Three decades later, USA Today had this to say about another faith-friendly band, Creed: "Unfortunately, the cozy dovetailing of gospel and grunge eliminates the crucial hell-raising and devil-may-care abandon that elevates rock to transcendent heights."

And so it has gone: Secularists often demanded that traditional Christians either shut up about their faith or leave the cultural mainstream and record hymns and religious songs in a market where their music would go unheard by anybody who wasn't listening to religious radio or shopping at Bible bookstores.

But ironically, at a time when religious expression is increasingly becoming forbidden in various courthouses and public spaces around the country, rock and pop artists with traditional spiritual messages like P.O.D., MxPx, Creed, Stacie Orrico, Chevelle, Switchfoot and others are being welcomed in some unlikely venues, so long as the music is good and the cash registers keep humming.

The separation of rock and faith was held in place not only by secularists but more importantly by Christian separatists, who believed their purity could be maintained only by separation from the cultural mainstream. Thus, they did as they were told and went off to the cultural gulag of Contemporary Christian Music where they were no longer accessible to a mainstream audience.

Two factors have begun to change that paradigm--demographics and rebellion.

First, music industry executives, though not necessarily religious themselves, have done the math. They understand that Americans don't separating their faith from their daily activities. They are deeply spiritual people, eager to hear music that doesn't leave out the critical element of faith.

Second, a new generation of young rockers in possession of a deep faith, are no longer willing to stay sequestered in Christian America. The kings of the God-rock set, P.O.D. is one of the biggest selling acts in the Warner Brothers system. (They record for Atlantic.) Alternative Rockers Switchfoot have moved from a Christian label to Columbia while Wilshire, a duo once operating entirely in the Christian music business, left their Christian-owned label Rocketown and now record for Sony. Universal Records has signed the hard-rock group Pillar. Rockers Creed, 12 Stones, Big Dismal and Evanescence have found a home with Wind Up.

It's not only artists who are breaking down the wall of separation. Mainstream radio programmers, traditionally unwilling to play overt Christian messages are increasingly responsive to listeners' desires for faith-oriented music. As a result, the label executives, traditionally shy about pitching such songs to radio, are increasingly coming in with songs with rather orthodox spiritual themes.

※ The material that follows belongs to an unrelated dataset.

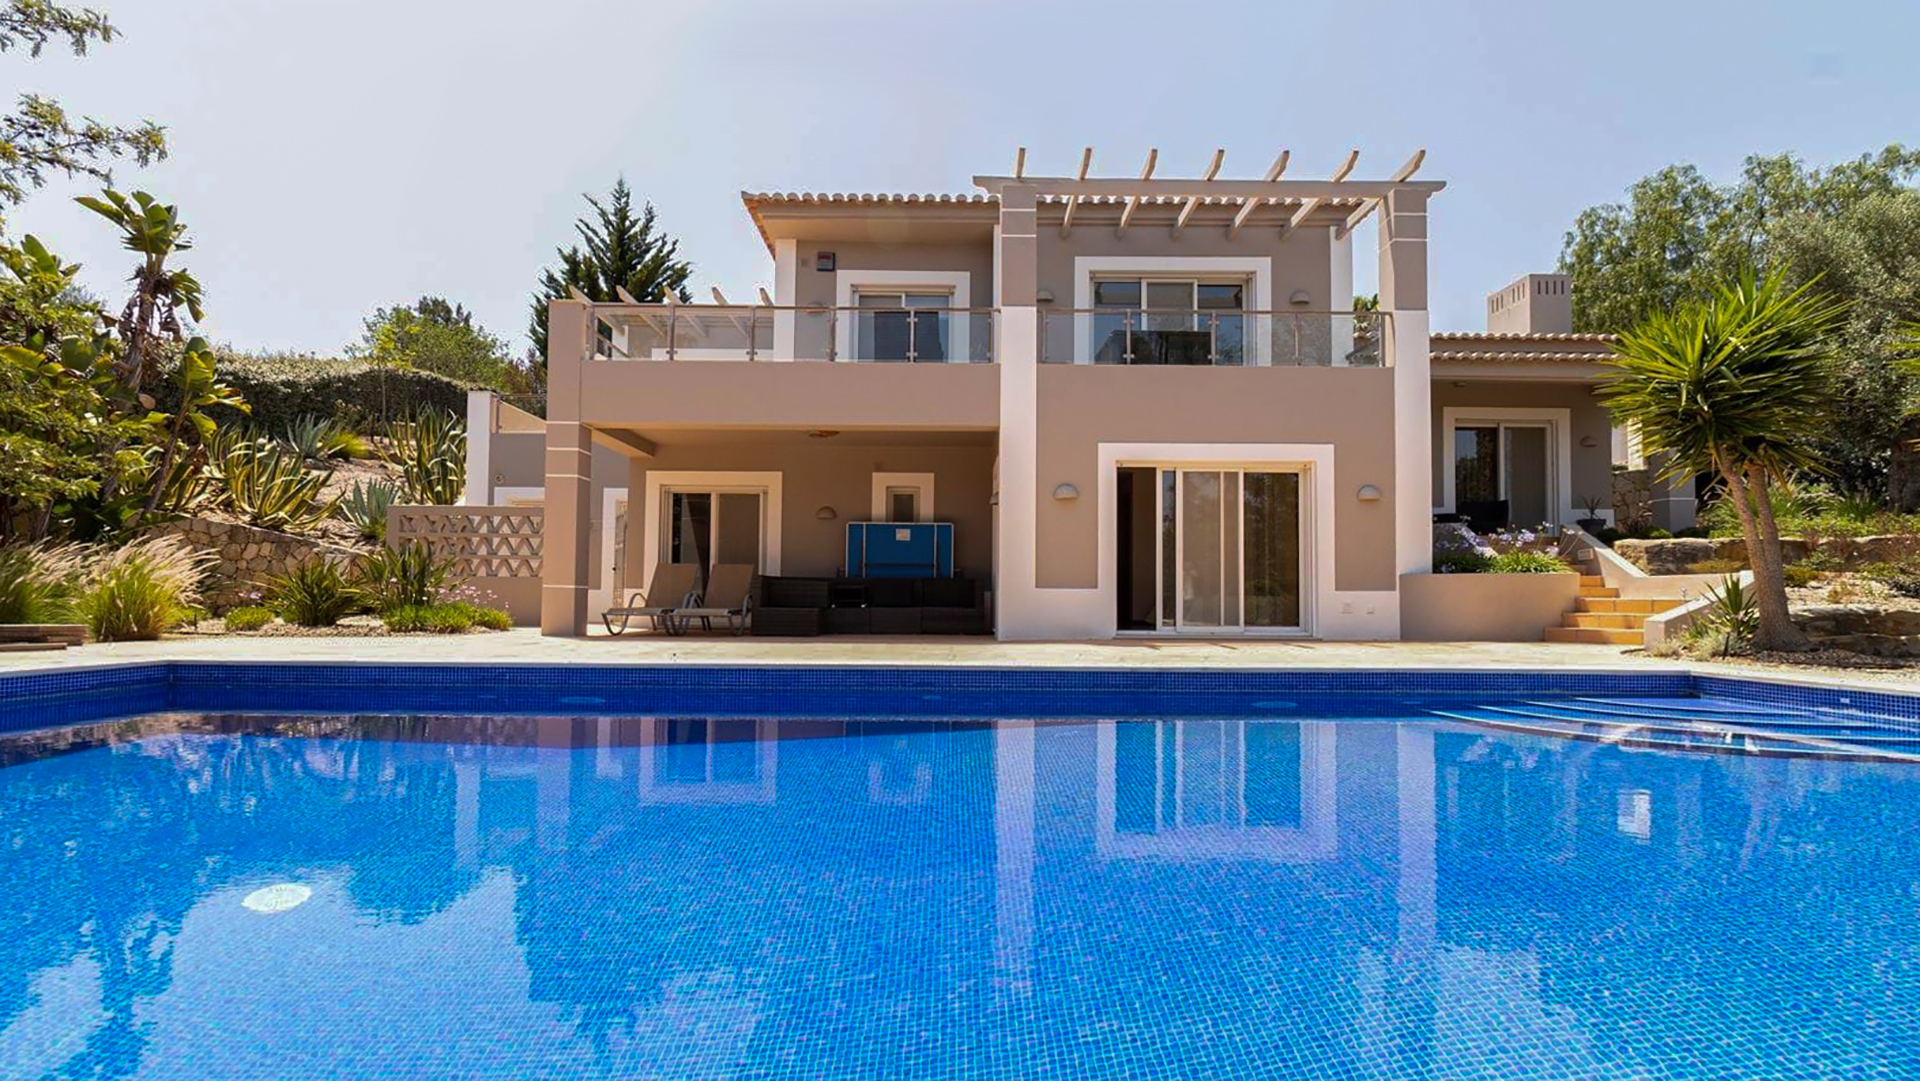 Espaçosa moradia V3 com piscina em resort de golfe perto de Carvoeiro, Algarve Barlavento | PCG2148 Moradia V3 com casas de banho privativas e piscina, rodeada por um grande jardim bem cuidado em popular resort de golfe. Perfeito como residência permanente e para alugar.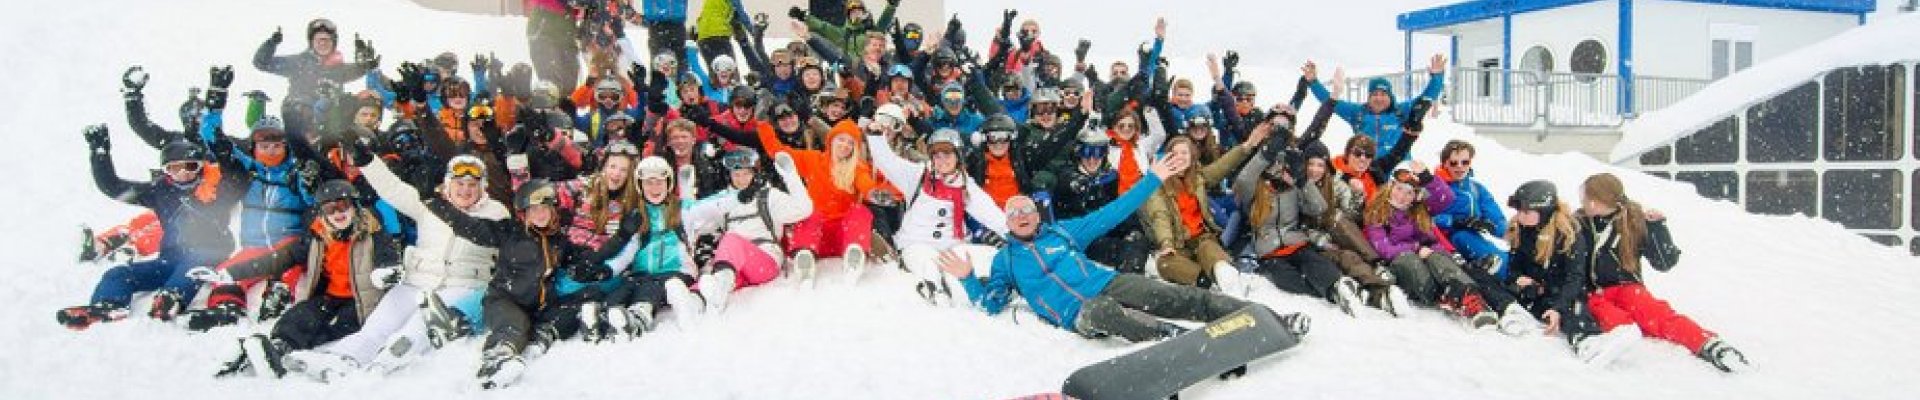 Schoolreis wintersport Oostenrijk

In 2000, the pop group Newsong, comprised of devout Christians, reached the top of the adult contemporary charts with a tearjerker called "The Christmas Shoes," about a child who wanted to buy a new pair of shoes for his dying mother that included the line: "I want her to look beautiful if Mama meets Jesus tonight."

Today, a song the Los Angeles Times called the most overtly Christian-themed song in 30 years is climbing the charts at a shocking pace. (number 10 on Billboard's Adult Contemporary Chart as I write). "I Can Only Imagine," by the group MercyMe, entered both the adult contemporary charts and the Top 40 with the lines: "Surrounded by your glory, what will my heart feel? / Will I dance for you Jesus, or in awe of you be still? / Will I stand in your presence, or to my knees will I fall? / Will I sing hallelujah, will I be able to speak at all? / I can only imagine."

Curb Records' Bob Catania pitched "I Can Only Imagine" to pop radio and was surprised by his succcess. "Any record that has a Jesus reference in it is going to be problematic for some people, especially in a major market like New York or L.A., especially where there's a diverse population," he said. "Since this record has come out, we have never received one call from a radio station asking for the 'Jesus-less' version. No one seems to be having an issue with that."

While various skirmishes continue in the legal and political worlds around the nation between traditionalists and secularists, in popular music anyway, a new consensus is emerging: The wall of separation that once kept rock and religion away from one another is coming down and the secularists and separatists who once held it in place are giving way to a new generation of artists and executives who believe that faith has a place in popular music.

If the music is good enough.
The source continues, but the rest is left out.